Deretan pot mungil berisi kaktus berjajar rapi membentuk piramida. Duri-duri halus menyamarkan warna hijaunya menjadi keputih-putihan. Tama menyentuh salah satu yang di tengah dan duri-duri itu berhasil melukai jarinya, sebagian bahkan masih menancap ketika Tama menarik tangannya.
“Seharusnya Anda tidak melukai diri Anda sendiri!” Pegawai yang semula menjadi kasir itu menarik tangan Tama, mencabut beberapa duri halus yang masih menempel dengan pinset.
“Maaf. Saya memang sedikit bodoh!” Tama tersenyum canggung.

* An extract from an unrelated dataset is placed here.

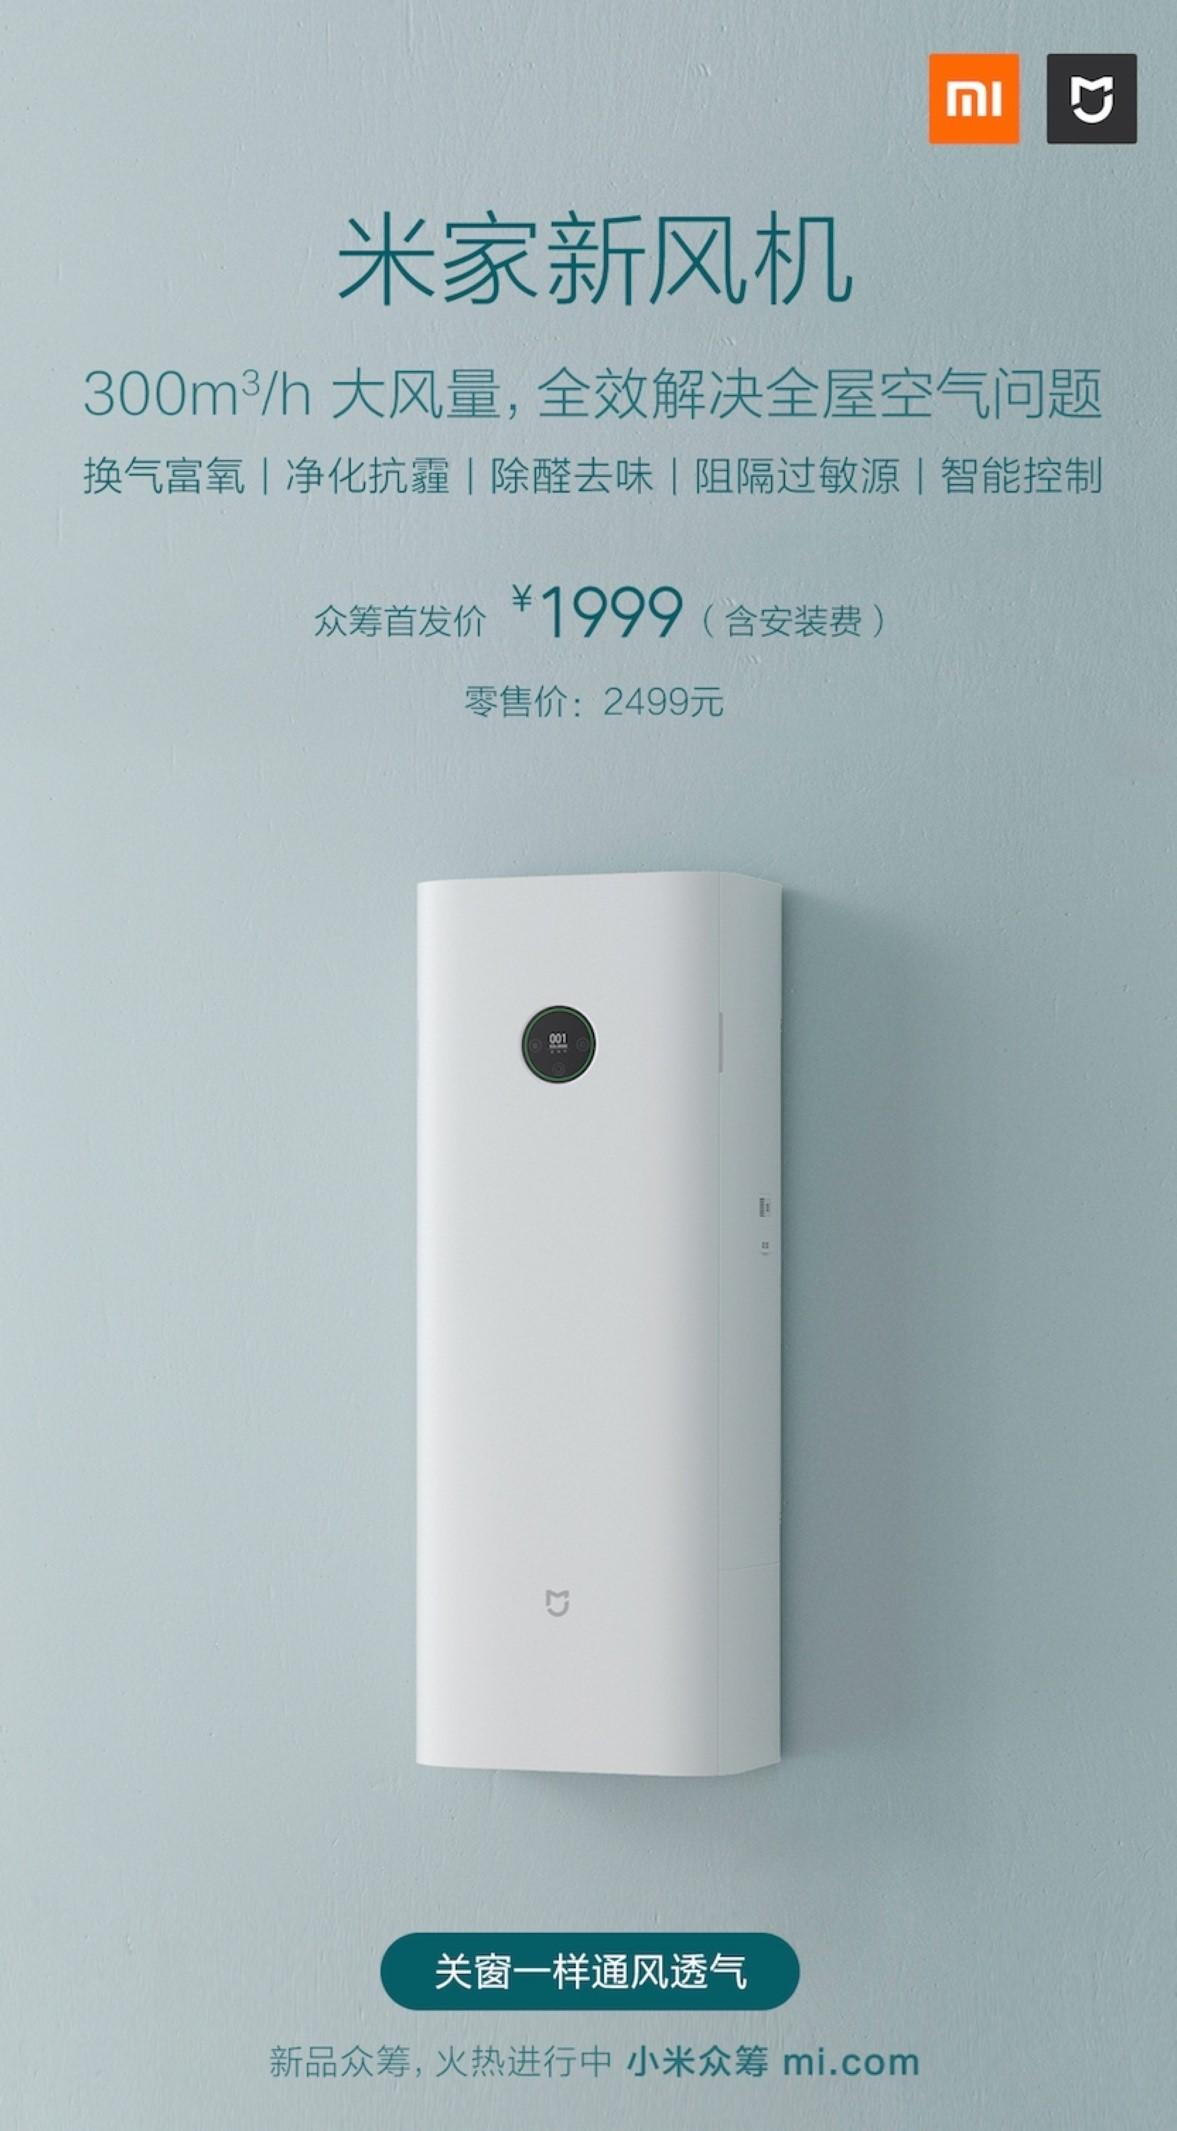 关窗一样通风换气 小米发布米家新风机众筹价1999元

“Bukan. Maksud saya adalah karena Anda tidak membaca petunjuk yang diberikan, sehingga Anda melukai diri Anda sendiri. Apa pun itu, ketika ada petunjuk yang melarang Anda untuk melakukan sesuatu, maka Anda harus memperhatikannya meskipun kelihatannya tidak akan merugikan jika Anda tetap melakukannya!” Pegawai itu melanjutkan sambil mengelosi jari-jari Tama dengan sesuatu. Sejenis gel yang terasa dingin.
Tama membungkuk sedikit ketika pegawai itu selesai membantunya.

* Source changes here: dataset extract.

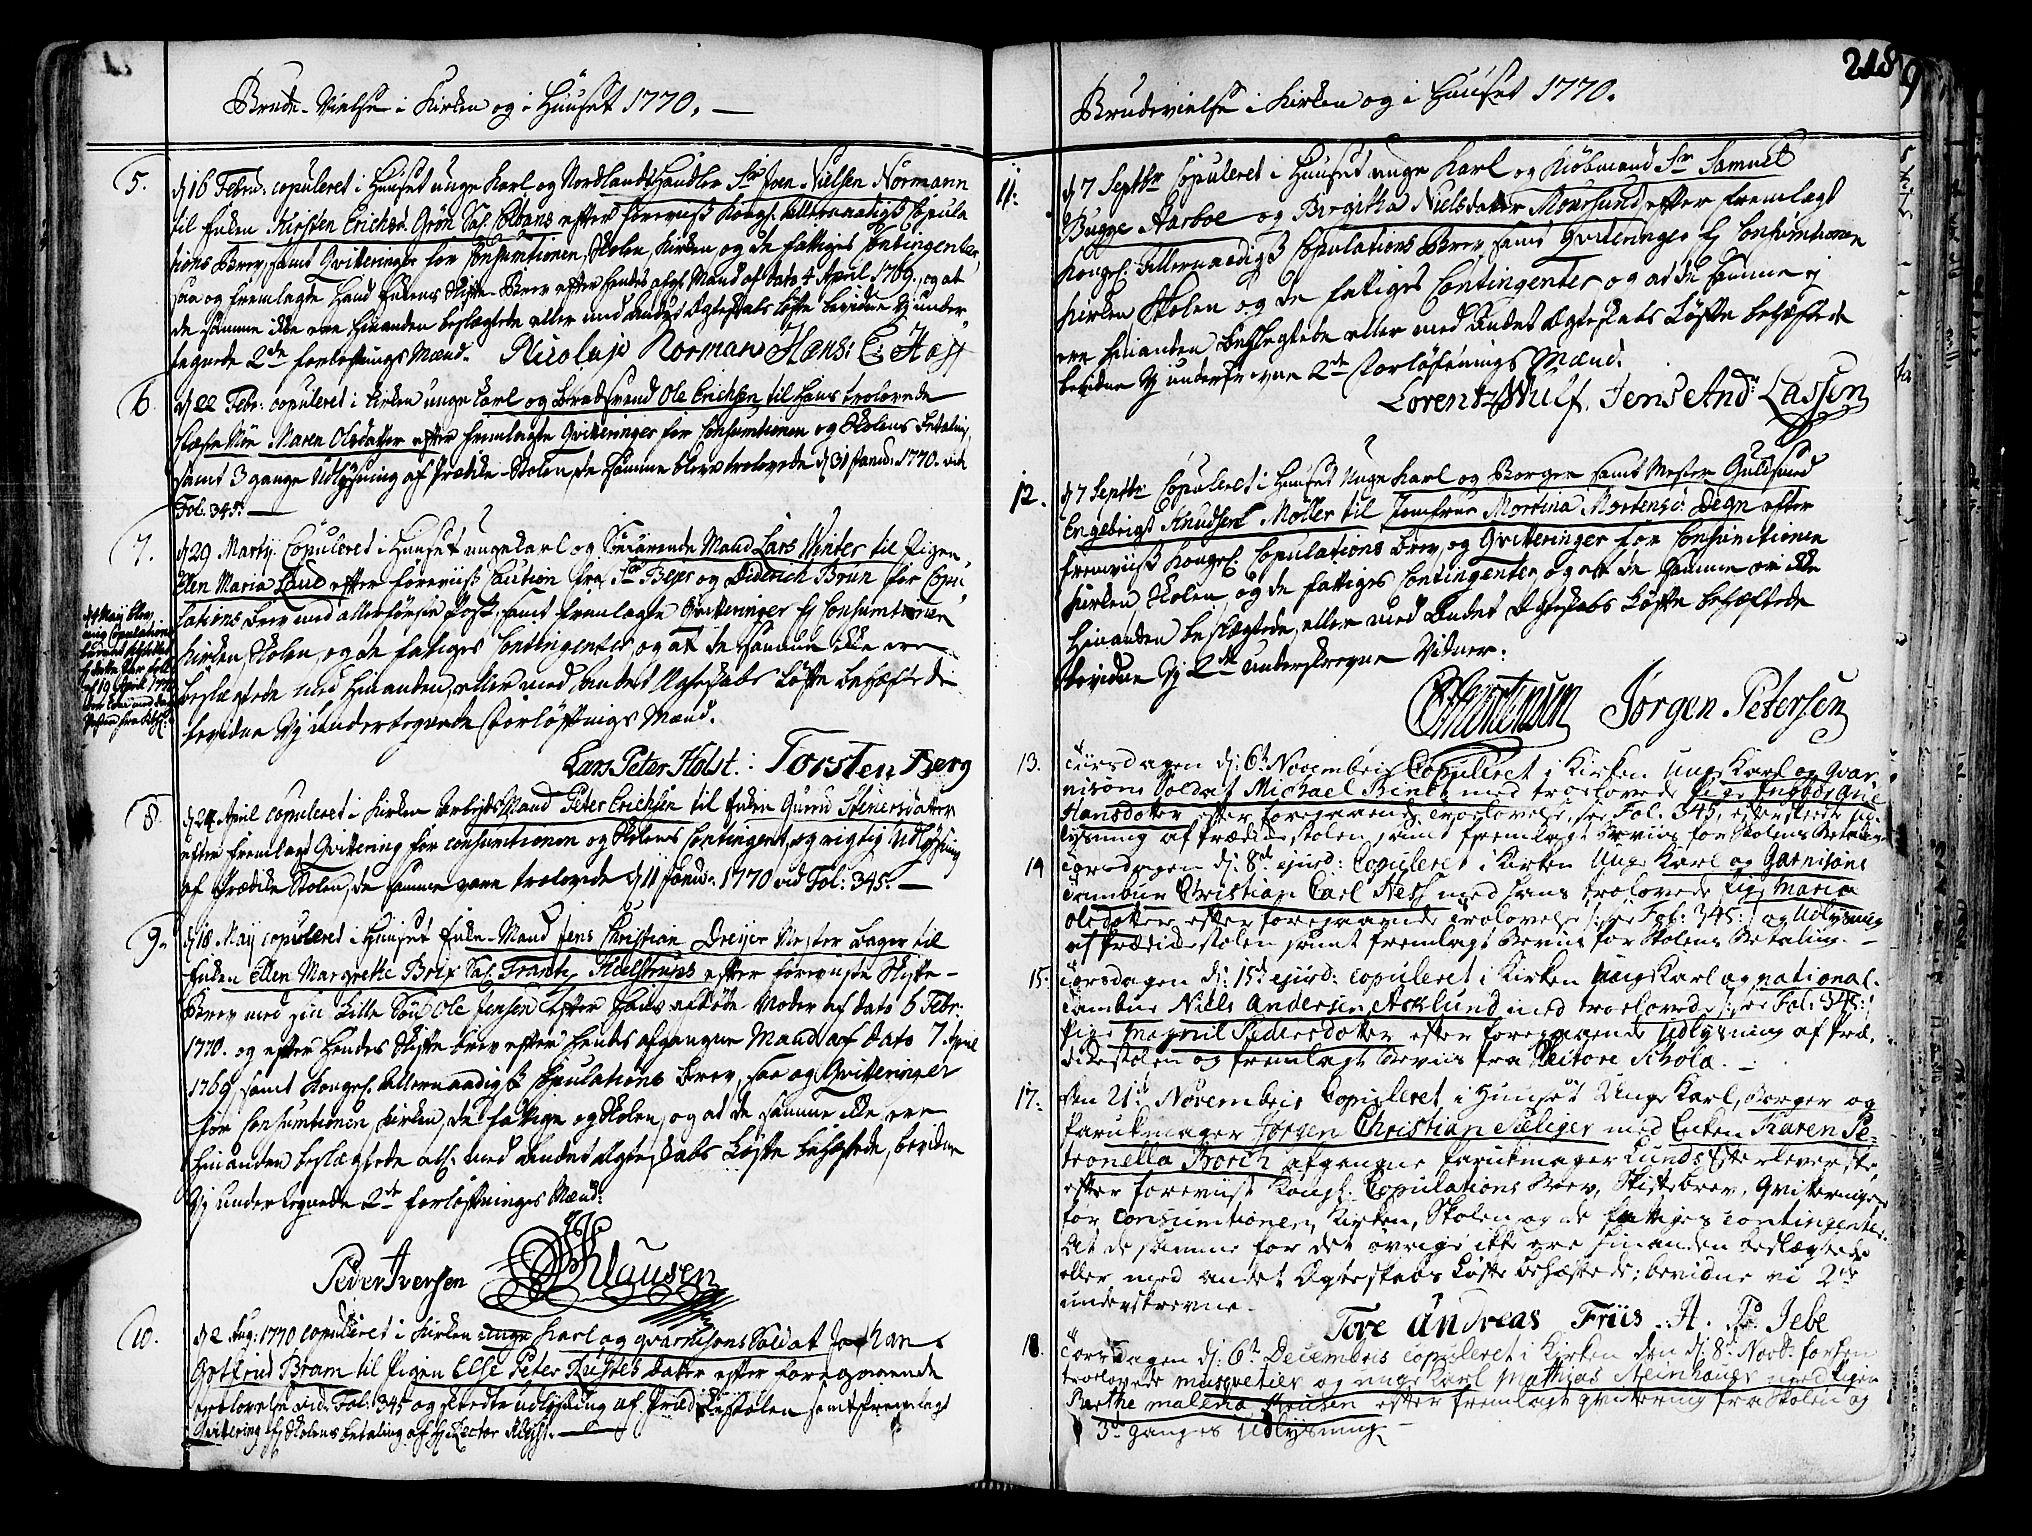 SAT, Ministerialprotokoller, klokkerbøker og fødselsregistre - Sør-Trøndelag, 602/L0103: Ministerialbok nr. 602A01, 1732-1774, s. 218

“Kali ini, apa yang Anda inginkan?” Tanya pegawai itu.
“Ah, sebuket bunga apa pun untuk seorang teman yang sedang sakit. Dan beberapa kaktus untuk saya rawat di rumah!”
“Mohon tunggu sebentar!” Pegawai itu berlalu sesaat, meminta seorang pegawai yang lain menyusun buket bunga untuk Tama sementara dia sendiri menyiapkan beberapa kaktus.
Dalam beberapa menit, Tama mendapatkan sebuket lily dan paper bag dengan kotak-kotak kecil berisi kaktus.
“Semoga teman Anda cepat sembuh! Dan kaktus itu, meskipun kelihatannya mudah di pelihara, tapi ketika ia tidak berada di tempat an kondisi yang tepat untuknya, dia juga akan ati dengan mudah!”
***
Miyata baru saja menyelesaikan pemeriksaannya ketika Tama sampai. Tanpa permisi, Tama mengganti bunga dalam vas.
Tama tidak memperlihatkan senyumnya. Hanya wajah yang seperti biasanya. Terkadang ia nampak sedang berfikir. Tapi mengelak ketika Miyata mencoba mencari tahu.
Hari berikutnya pun begitu. Tama dan datang saat istirahat siang. Miyata sudah membaik, bahkan akan pulang besok. Tama hanya mengobrol seenaknya dan mengajak Miyata berkeliling di taman rumah sakit. Selain itu tidak ada.
Tama terlihat sudah mulai mengontrol dirinya sendiri. Tidak ada kata dalam otaknya yang mampu Miyata tarik keluar.
Hingga saat Miyata keluar dari rumah sakit dan Tama menjemputnya.
“Kamu pasti bertanya-tanya. Apakah aku harus menjawabnya?”Tama menyodorkan ice cream ke hadapan Miyata.
“Hm. Aku bertanya-tanya memang. Tapi kamu tidak harus menjawabnya kok. Ada banyak hal yang tidak bisa kita ungkapkan!” Miyata meletakkan tangannya di atas kepala Tama, mengelus rambutnya.
Tama tersenyum, membuat Miyata tersentak. Tama benci jika ada yang mengusik rambutnya, tapi kali ini Tama hanya menerimanya. Dan lagi, senyumannya itu, begitu manis.
Semilir angin yang datang dari arah utara, Tama memejamkan matanya dan membiarkan angin merasuki hatinya. Aroma bunga-bunga dari toko bunga di seberang jalan, persis di depan taman ini, tempatnya beberapa hari ini menepi dan meresapi arti hidup dari bunga-bunga itu, menyebar hingga menenangkan hatinya.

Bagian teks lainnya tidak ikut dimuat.